The system provides two main interfaces for the user: the first one is the audio-based client to give a user information about the place via text-to-speech or via MP3. The second interface is a text-based Tipple web page that provides additional recommendations pertinent to the current location of the user. Additional interfaces allow manipulation of play-lists and settings (not shown in the figure).

Traditional JSP pages, as used in TIP, were not suitable for the display of changing information as was now needed; we, therefore, switched to using AJAX. For example, the system has to synchronize the audio with visual elements to indicate which audio is playing. This ‘animated’ web page, therefore, needs to regularly check with its server for new information (polling). The location information is updated when the user’s position has changed and the audio reference is updated when the audio ends.

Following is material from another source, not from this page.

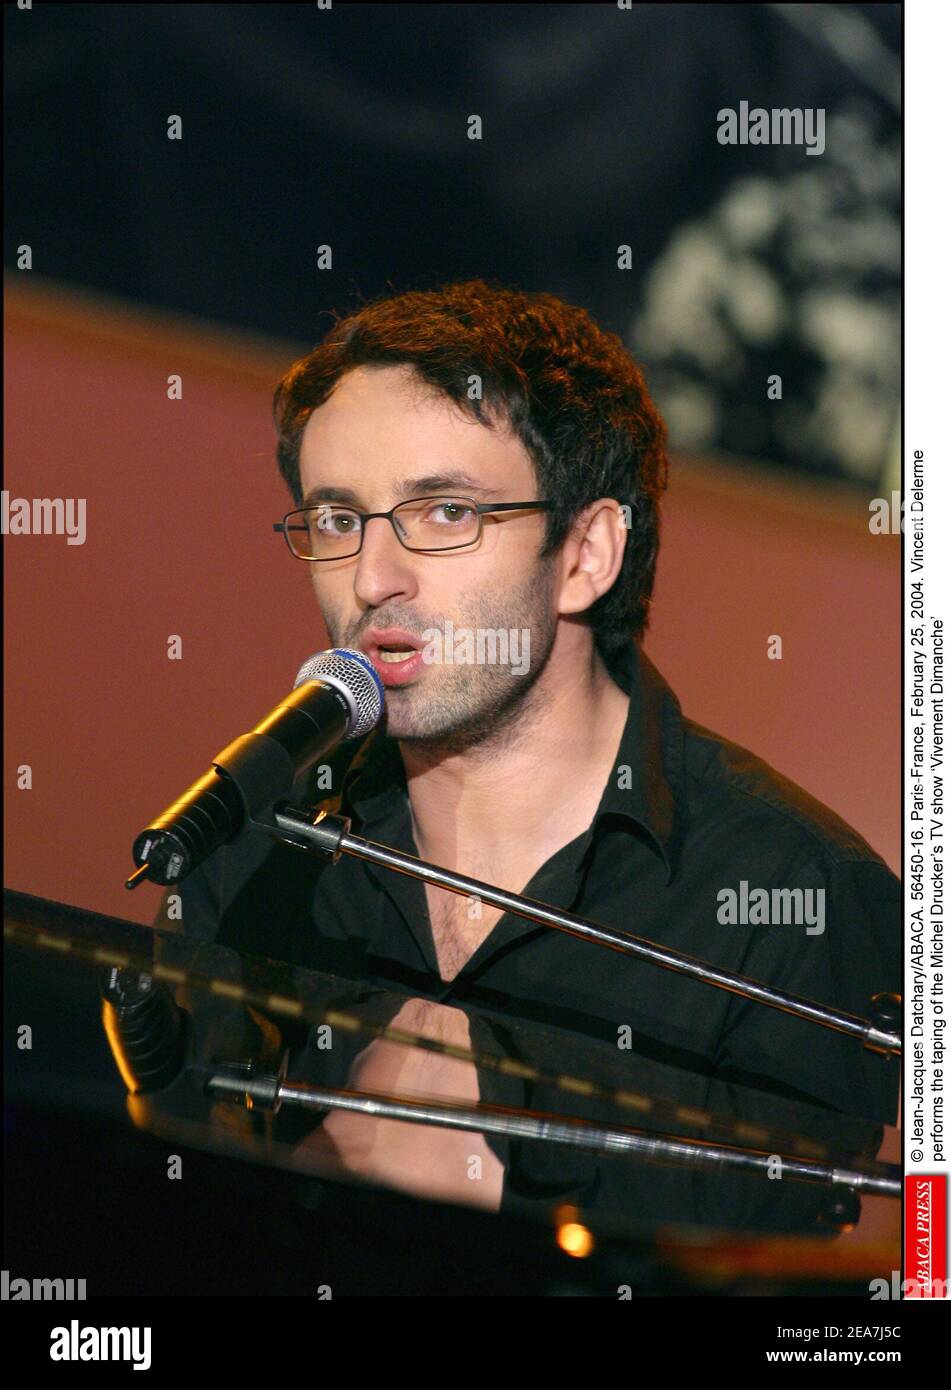 © Jean-Jacques Datchary/ABACA. 56450-16. Paris-France, February 25, 2004. Vincent Delerm performs the taping of the Michel Drucker's TV show 'Vivement Dimanche' Stock Photo

The Audio Server Component is a Java application. It uses a TCP socket pair to communicate with clients. The Audio Server is responsible for mixing available audio streams into a single stream (e.g., for location notification while the audio is playing).

Fig. 3
figure 3

The role of audio in server-based Tipple. a Travel plan with audio. b Audio Book

4.2 Walk-through

We illustrate the implemented system working in a given example setting. The landmarks used are sourced from the kind of databases and online resources as shown in Fig. 1. We assume our intrepid explorer—let us call her Anne—is a regular user of the system and that she has already developed an interest profile around the writer Jane Austen. We use the example of Anne visiting Bath, UK.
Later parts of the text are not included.